Contact: Jonathan Evans, Center for Biological Diversity, (415) 436-9682 x 318

Government Accountability Office Blasts EPA for Failing to Monitor Pesticide Use Across Country

Congressional Investigation Finds Legal Loophole Allows Pesticides to
Be Approved Without Full Study of Impacts on Human Health, Environment

WASHINGTON— The U.S. Government Accountability Office sharply criticized the EPA in a new report for failing to track pesticide use across the country. The GAO report found that the EPA had no idea how many pesticide registrations it had approved, whether conditions of these registrations were being followed, or whether studies required by the registrations had even been completed. The report follows a National Academy of Sciences study earlier this year that similarly faulted the EPA for failing to address the harmful impacts of pesticides on the nation’s endangered species.

“EPA is asleep at the wheel, allowing the chemical industry to drive the approval process without looking at whether these pesticides are a danger to people and wildlife,” said Jonathan Evans, toxics and endangered species campaign director at the Center for Biological Diversity. “Pesticide companies are abusing a loophole in the law, and the EPA is blindly rubber-stamping toxic products across America.”

The GAO — the investigative arm of Congress — analyzed how “conditional registrations” allow the EPA to approve pesticides under a legal loophole without requiring manufacturers to submit studies on the health and environmental hazards. In the report EPA noted that 69 percent of the more than 16,000 pesticides approved in the United States are conditionally registered, but admitted that the actual number could not be determined. The GAO report found that required studies to determine pesticide hazards were never submitted and that EPA’s pesticide-tracking system was substantially flawed.

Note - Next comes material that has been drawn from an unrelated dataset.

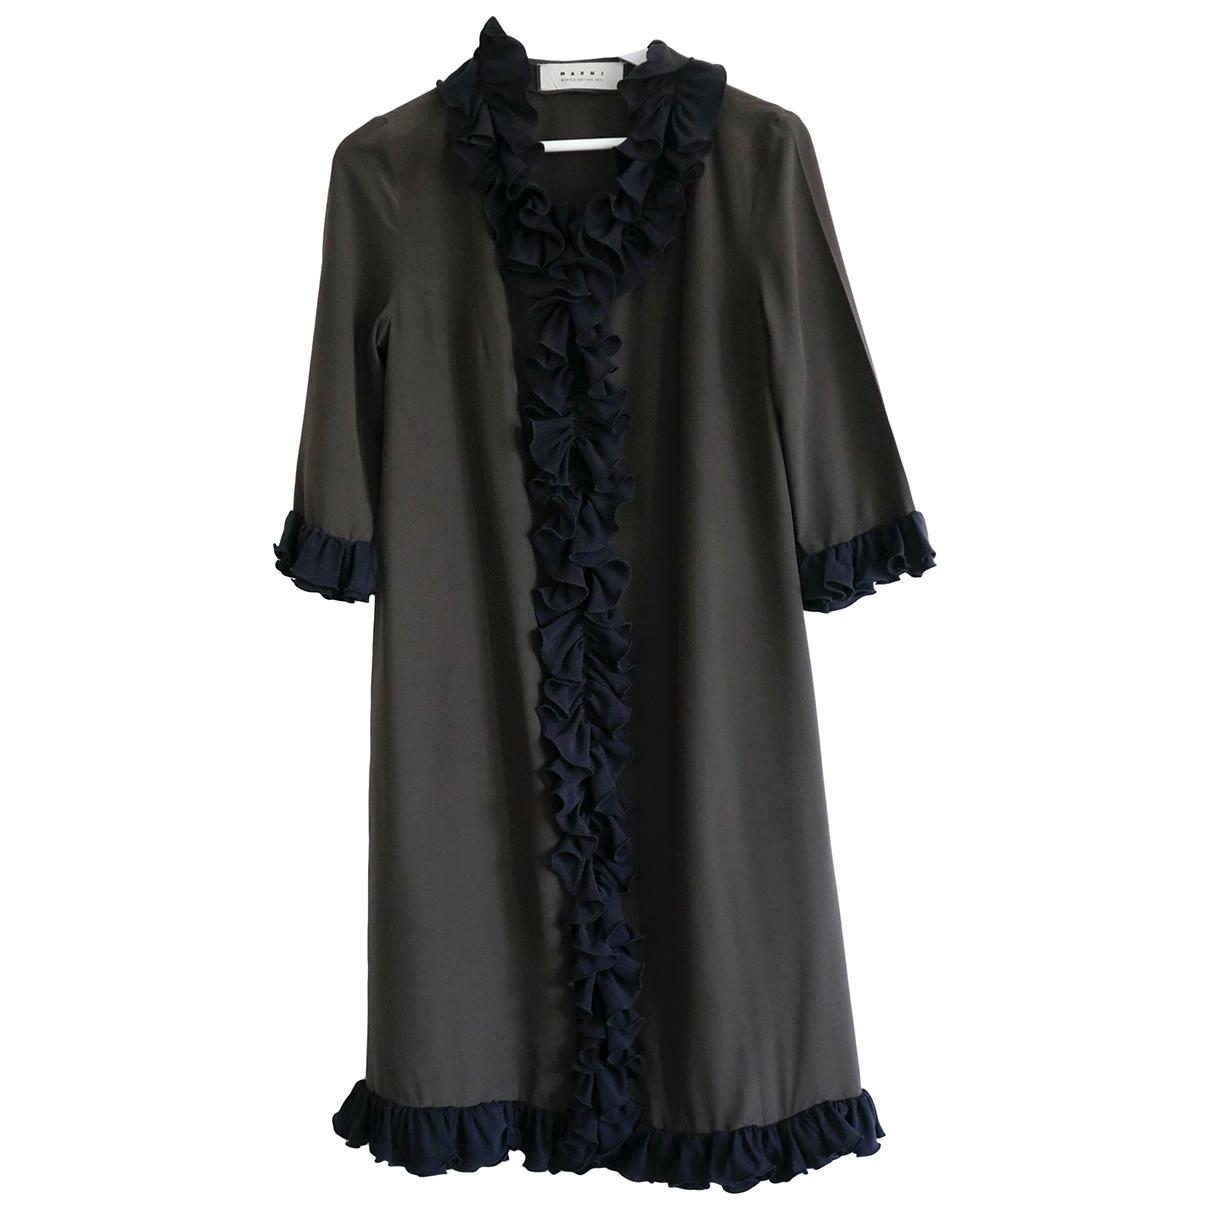 Marni \N Kleid in  Khaki Seide

The report noted several conditionally registered pesticides that have been recalled or linked to environmental harm. The herbicide Imprelis, for example, was first conditionally registered, but was pulled from the market by DuPont after it was linked to the deaths of evergreen trees. EPA’s conditional-registration process never required any analysis on the effect of the herbicide on trees. The report also noted that the neonicitinoid pesticide Clothianidin was conditionally registered even though it has been criticized for killing honeybees and was banned by the European Union.

The earlier report, put out by the National Academy of Sciences this spring, criticized the EPA’s failure to adequately analyze the impacts of pesticides on endangered wildlife as required by the Endangered Species Act. That report found that the EPA has not properly coordinated with expert wildlife agencies and has not adequately analyzed the sub-lethal, indirect and cumulative effects of pesticides.

“The EPA must not allow pesticides on the market without studies showing they are safe for the environment and our communities,” said Evans. “EPA’s pesticide program needs to protect wildlife and the environment and not simply grease the wheels of the pesticide industry.”

The Government Accountability Office report is titled Pesticides: EPA Should Take Steps to Improve Its Oversight of Conditional Registrations.